Only the lines from the one containing "Illustration of NBA" through the last line of the material should be copied, exactly as written and without pictures.

Dataset section:
==*==

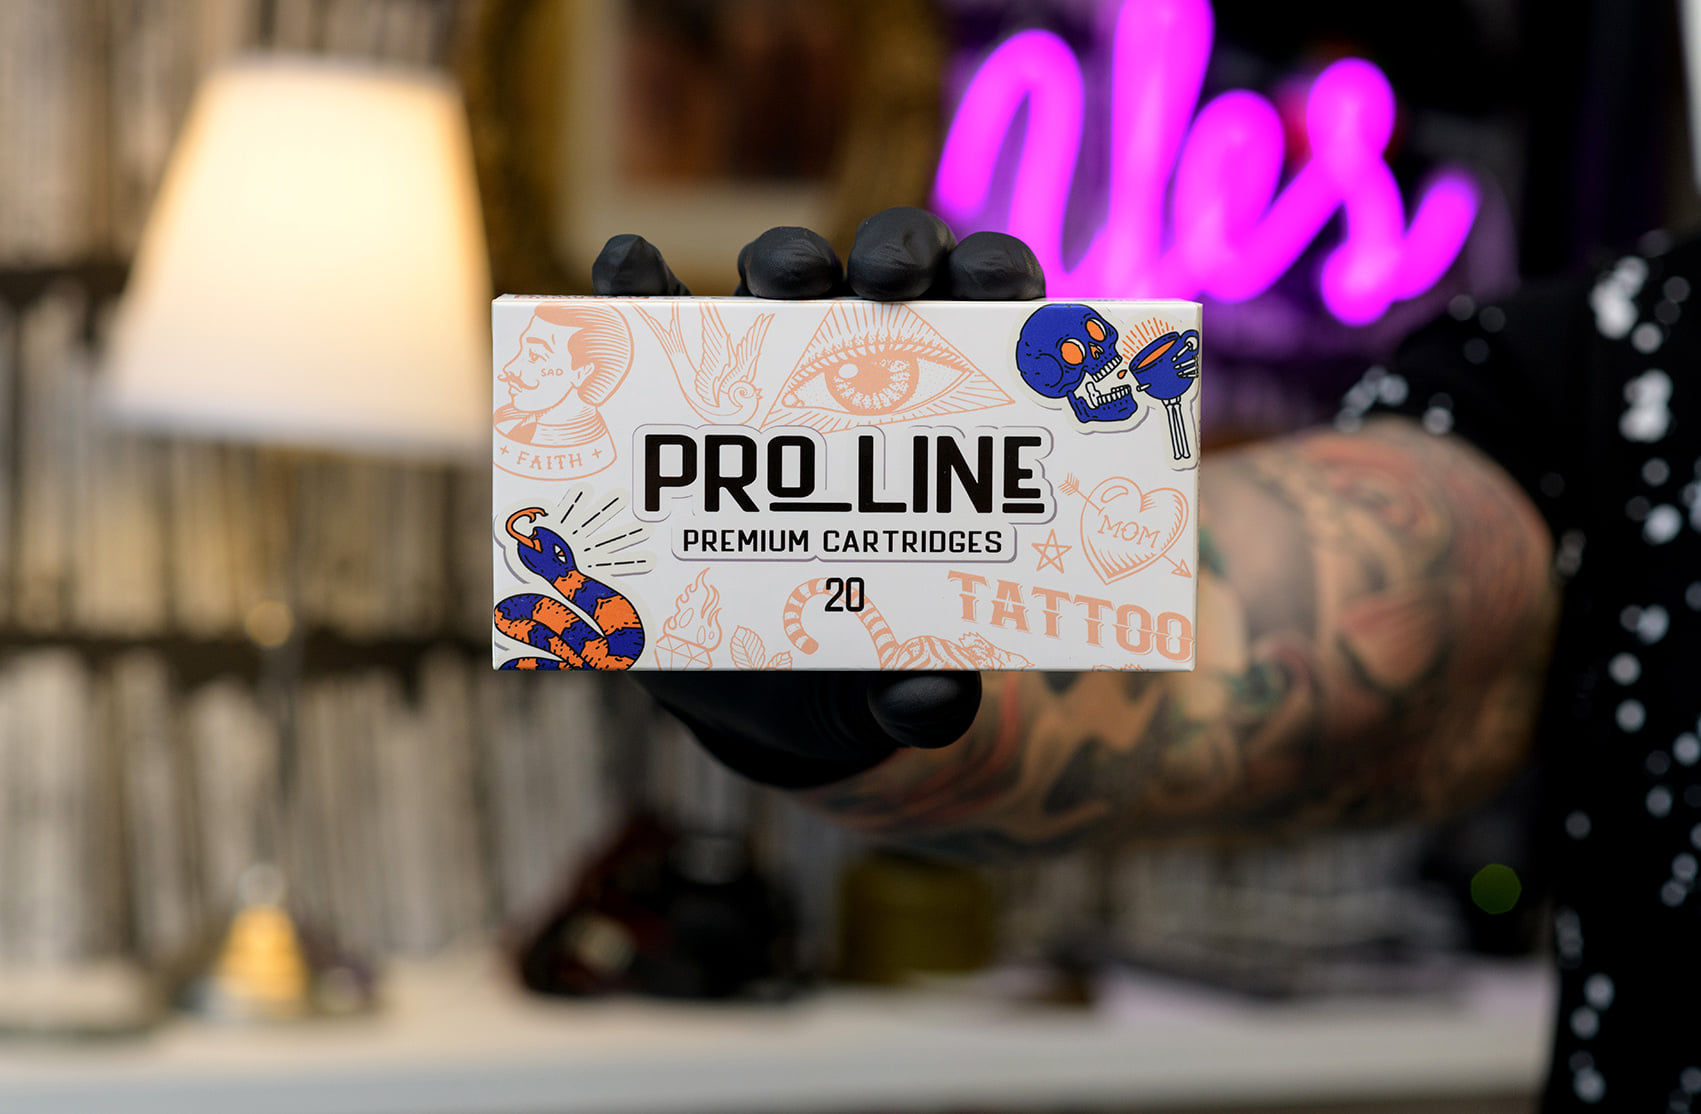 Photograph of a hand wearing black gloves holding a box filled with Pro Line Cartridges brand cartridges. The box is positioned in the center of the photo, with the cartridges visible inside. The background behind the box is blurred, emphasizing the focus on the product being held.
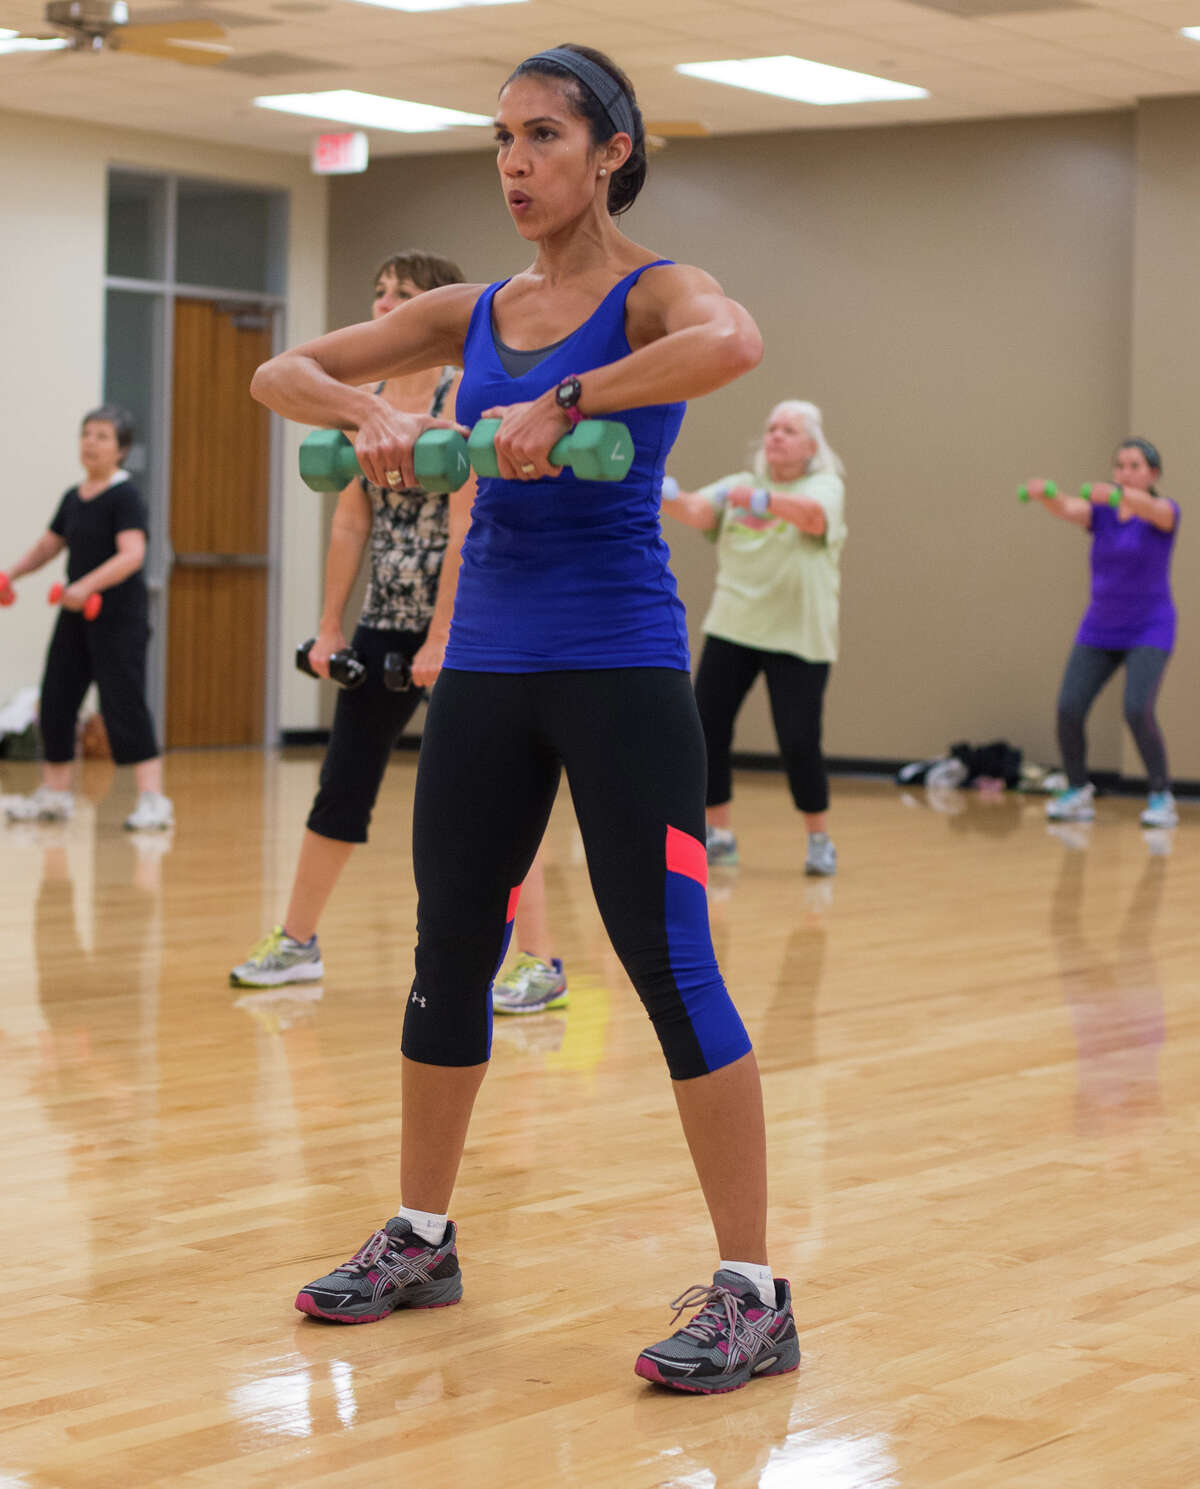 Rachel McNeill during her regular Jazzercise class at the West University Rec Center on Friday, November 14, 2014
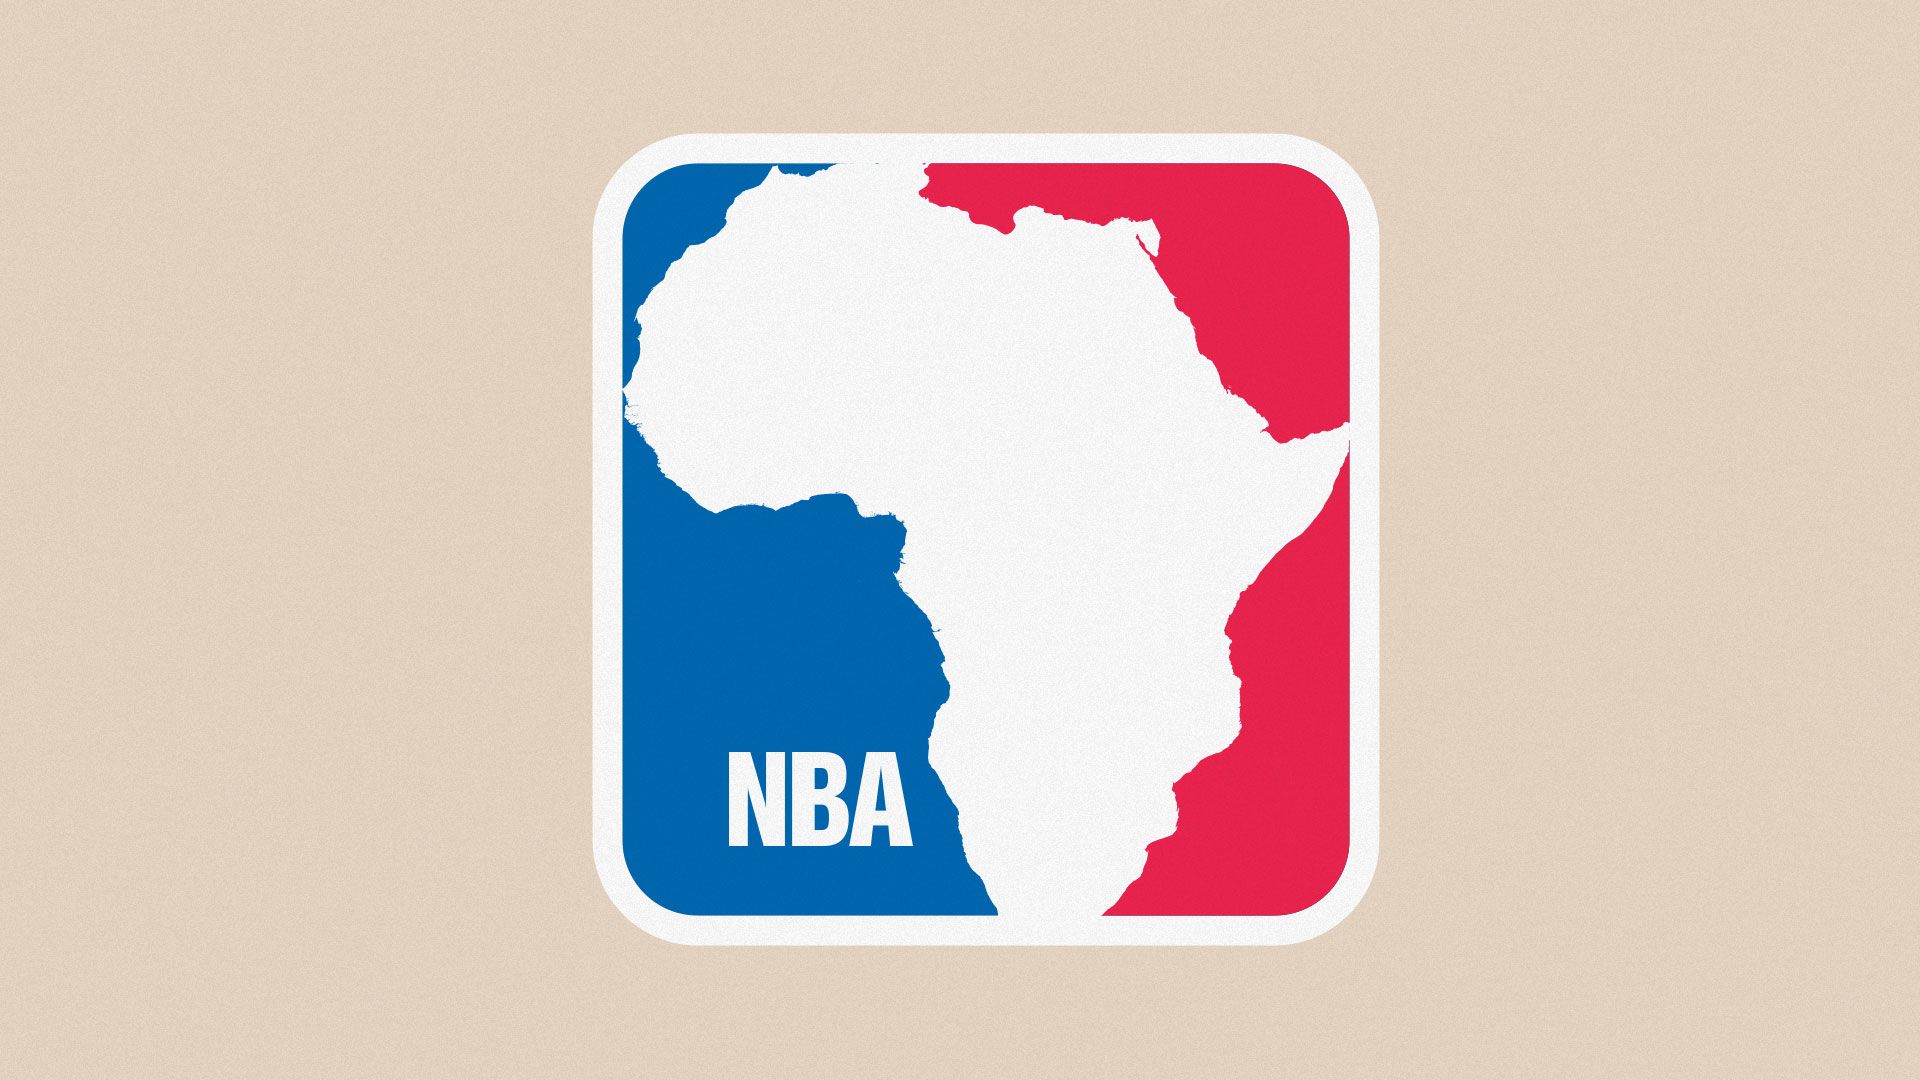 Illustration of NBA logo with person replaced with outline of Africa
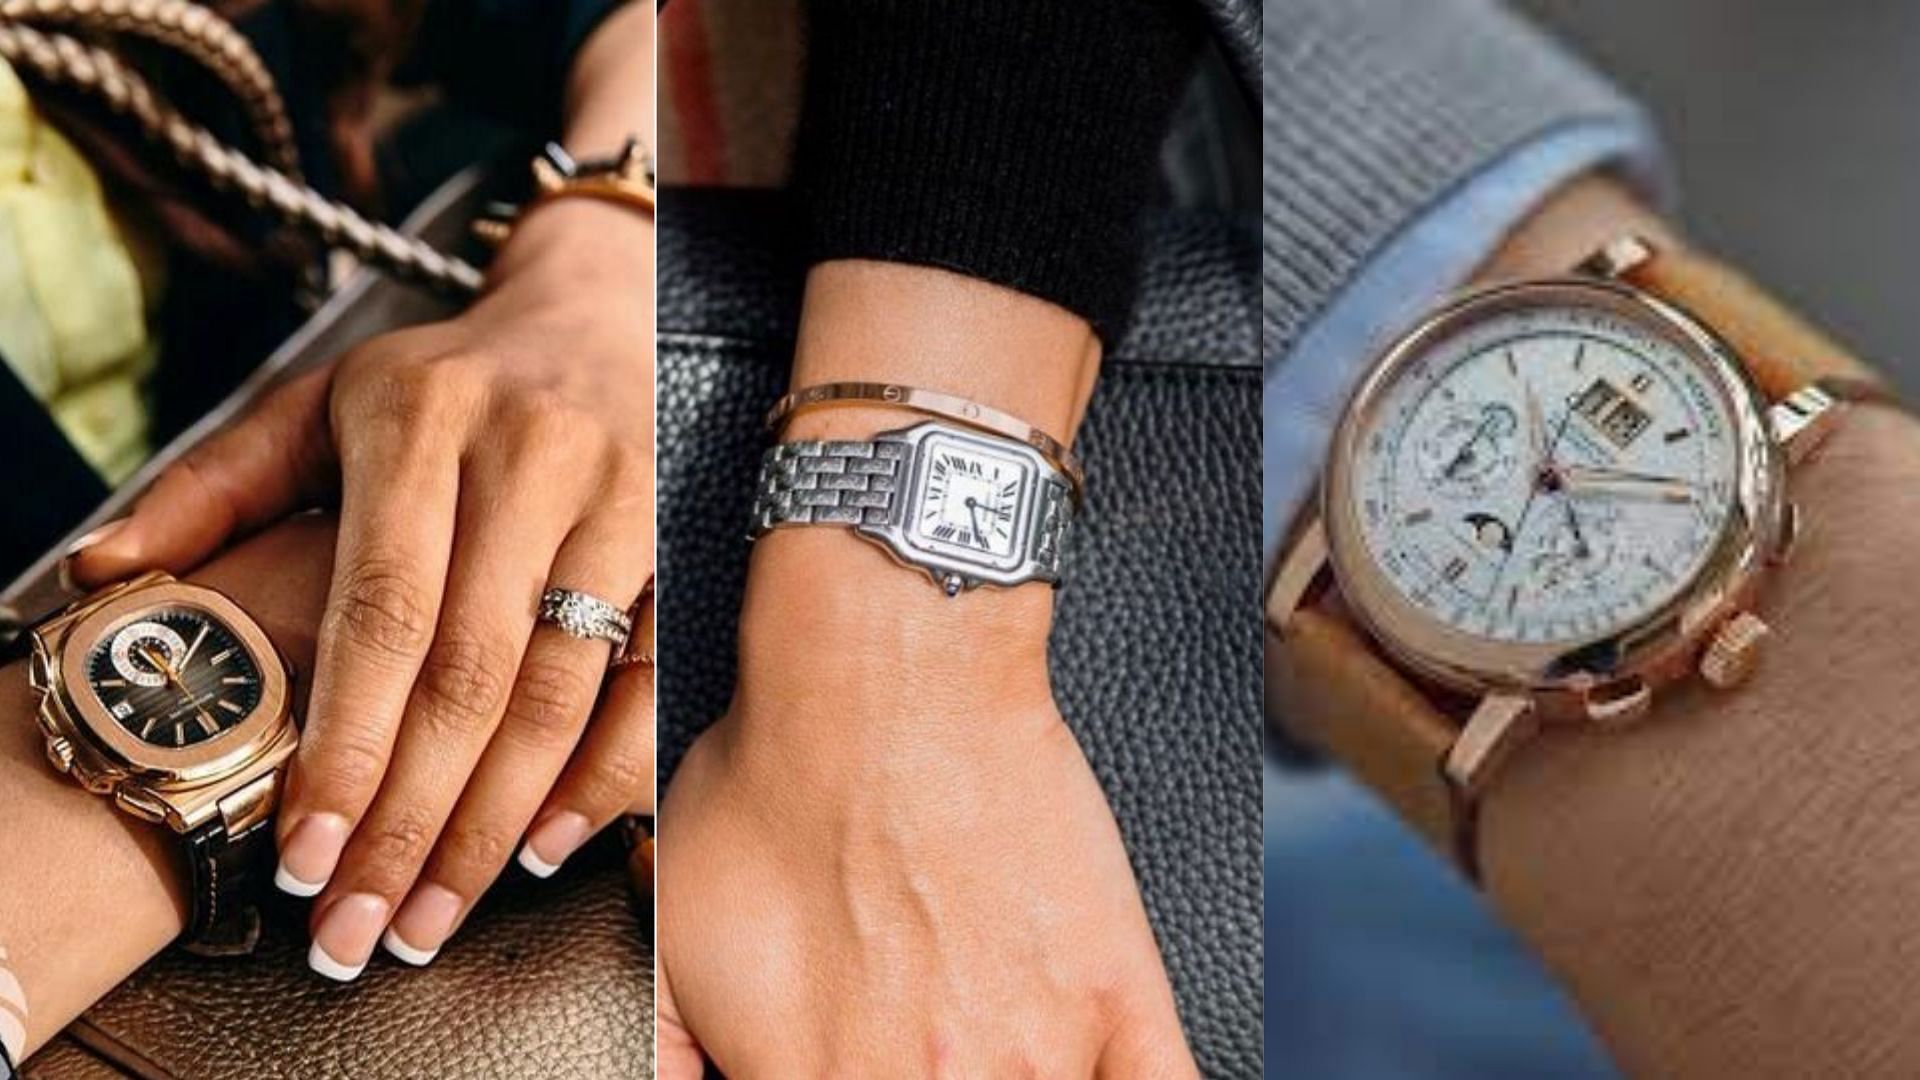 5 most expensive luxury brands for watches

==*==

Task answer:
 Illustration of NBA logo with person replaced with outline of Africa
 5 most expensive luxury brands for watches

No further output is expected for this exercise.